In Act I, Caesar comes across as a proud and charismatic man. The masses cheer over him, and he dismisses the warnings of a soothsayer. Although Caesar hates to admit he fears anyone or anything, he suspects Cassius, saying “I rather tell thee what is to be fear'd / Than what I fear; for always I am Caesar.” Caesar presents himself as being above other men.

Others worry about his ambition. Casca says that Antony offered Caesar the crown three times, and Caesar only reluctantly turned it down. Cassius seems jealous of his great status, sarcastically referring to Caesar as something superhuman:

... he [Caesar] doth bestride the narrow world
Like a Colossus, and we petty men
Walk under his huge legs and peep about…

Cassius also mocks Caesar’s physical weaknesses, reminding Brutus that Caesar is as mortal as they are. Caesar has “the falling sickness,” and Cassius recounts when he had to save Caesar from drowning and when Caesar fell ill.

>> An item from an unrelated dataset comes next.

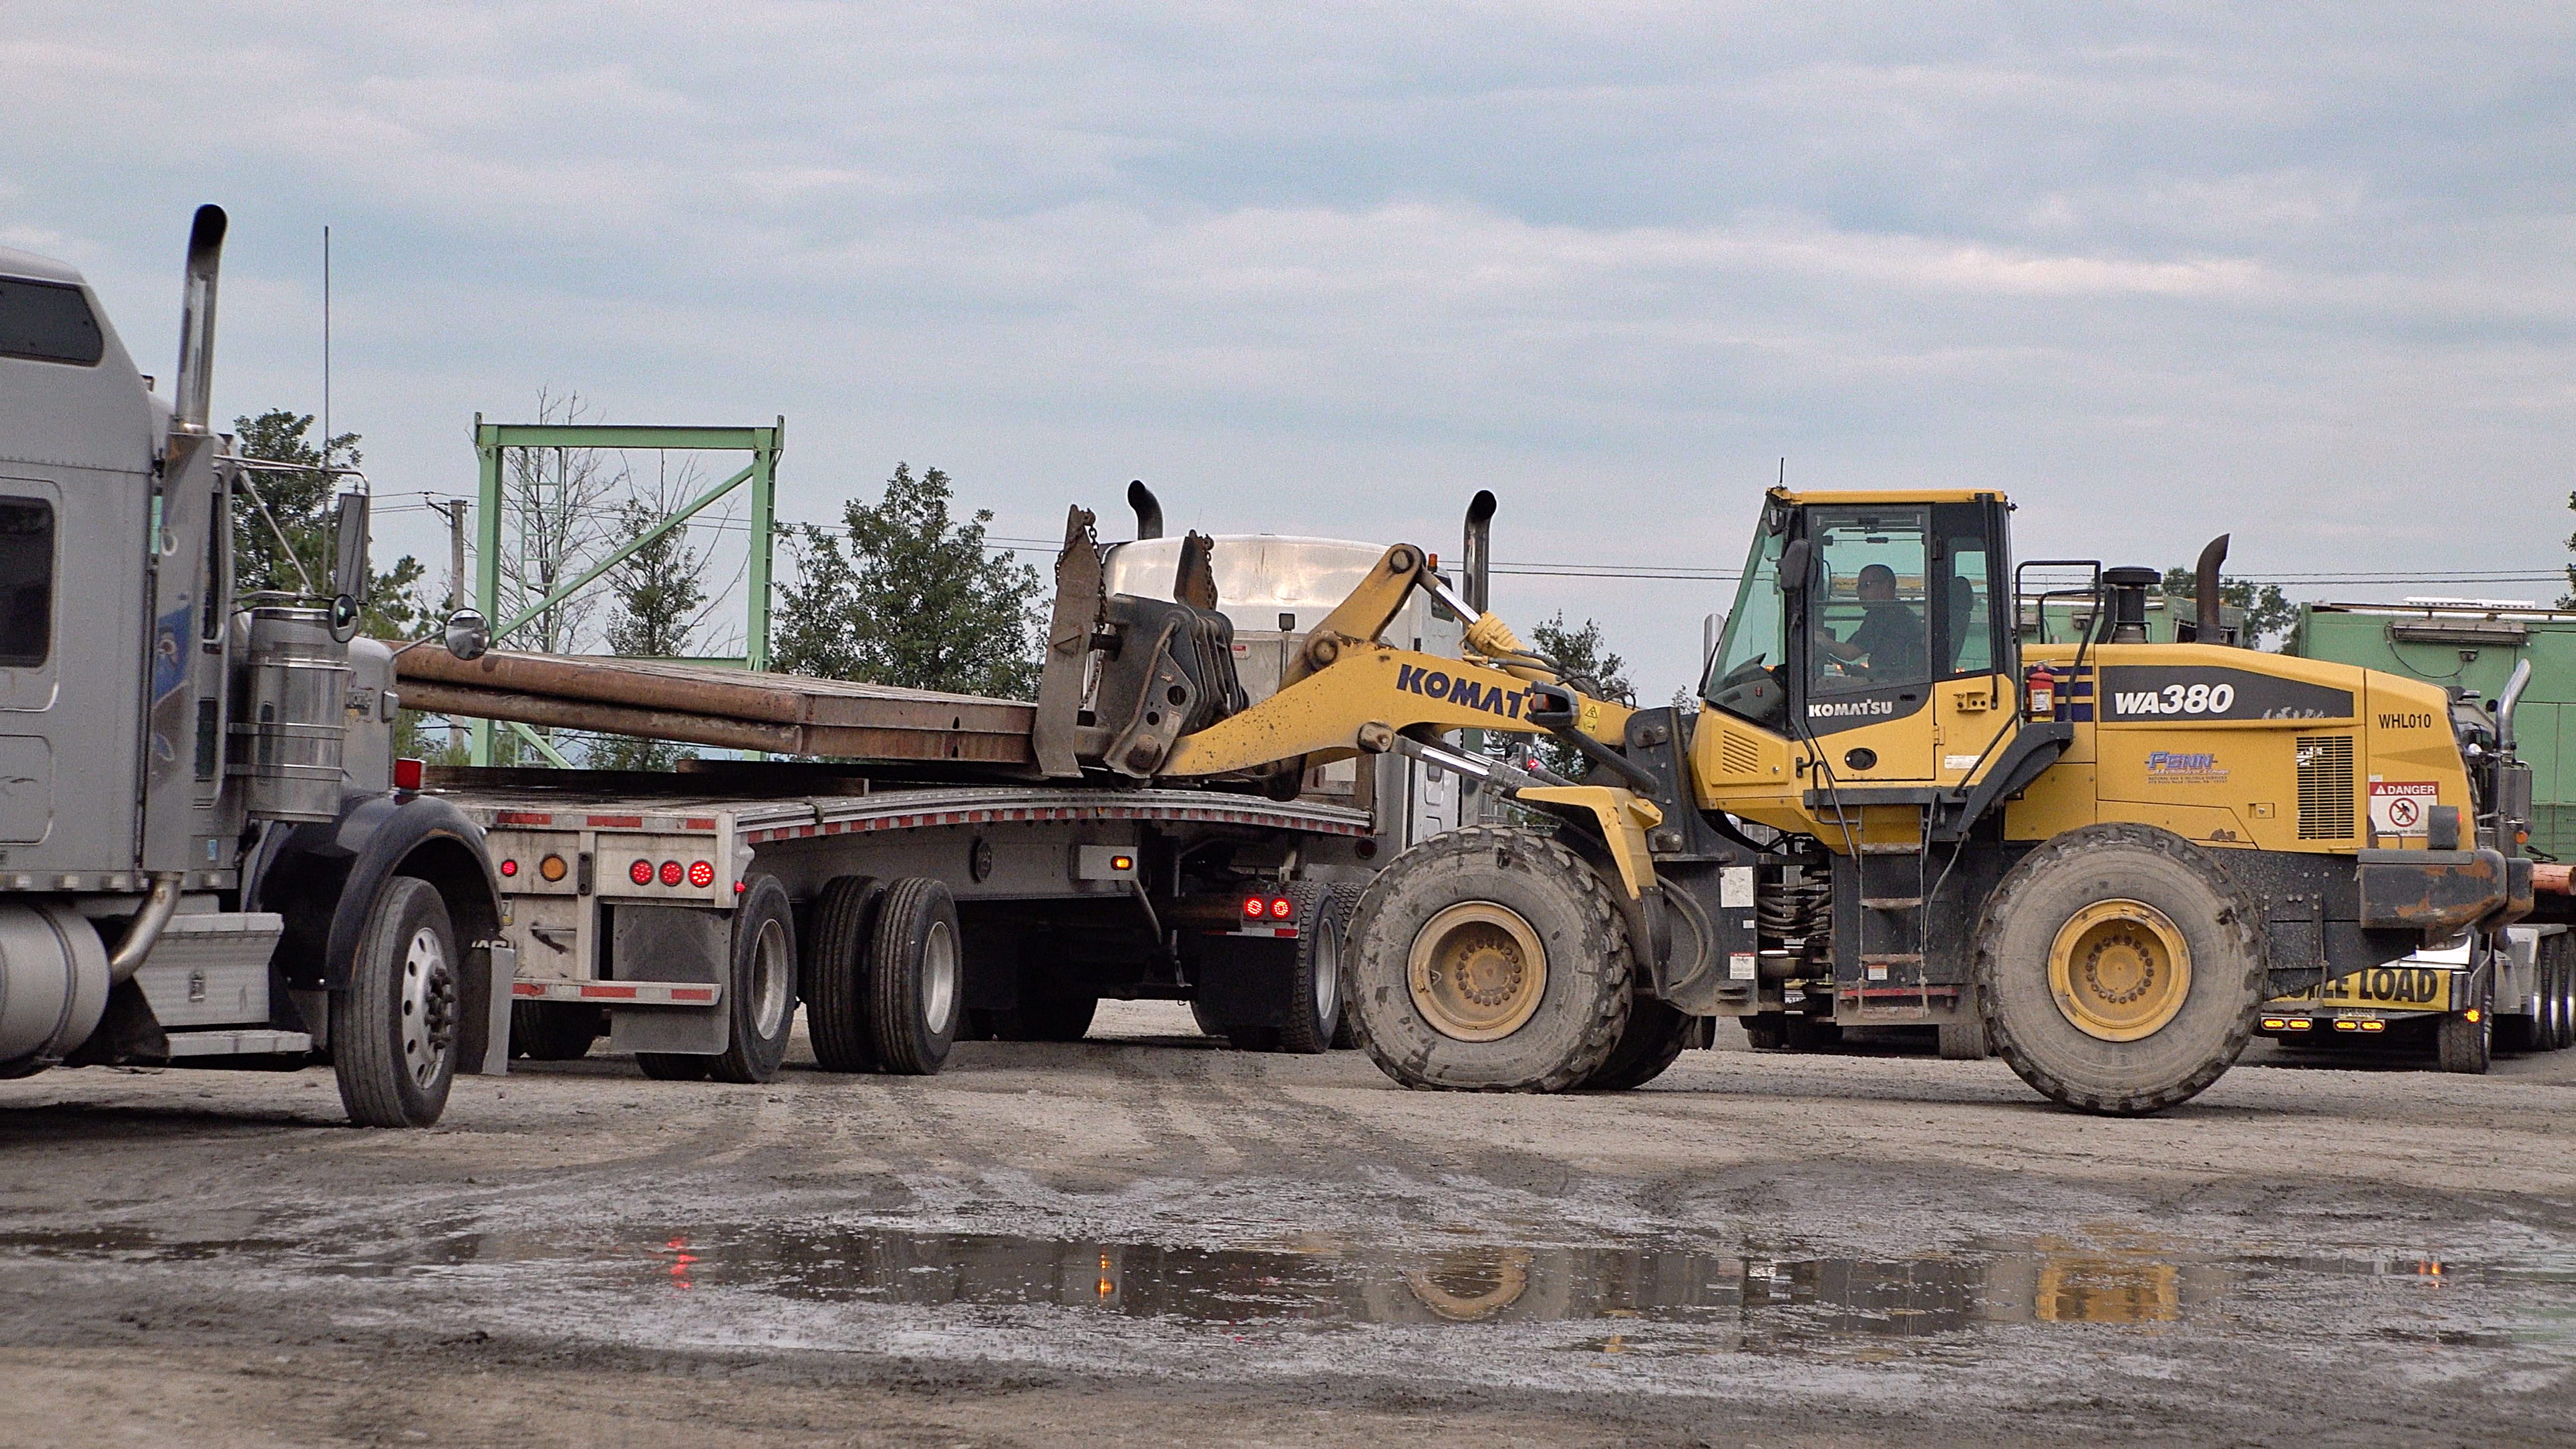 Heavy components are listed onto flatbed trucks for removal from the CUBO site.

As for supernatural happenings, Casca says that “all the sway of earth / Shakes like a thing unfirm.” He also saw a man’s hand painlessly burn, encountered a lion at the Capitol, and describes the tempest as “dropping fire.” Various other bizarre events foreshadow Caesar’s murder at the hands of the senators. These events relate less to Caesar's character (though Caesar later refers to himself as a lion) and more to his impending fate.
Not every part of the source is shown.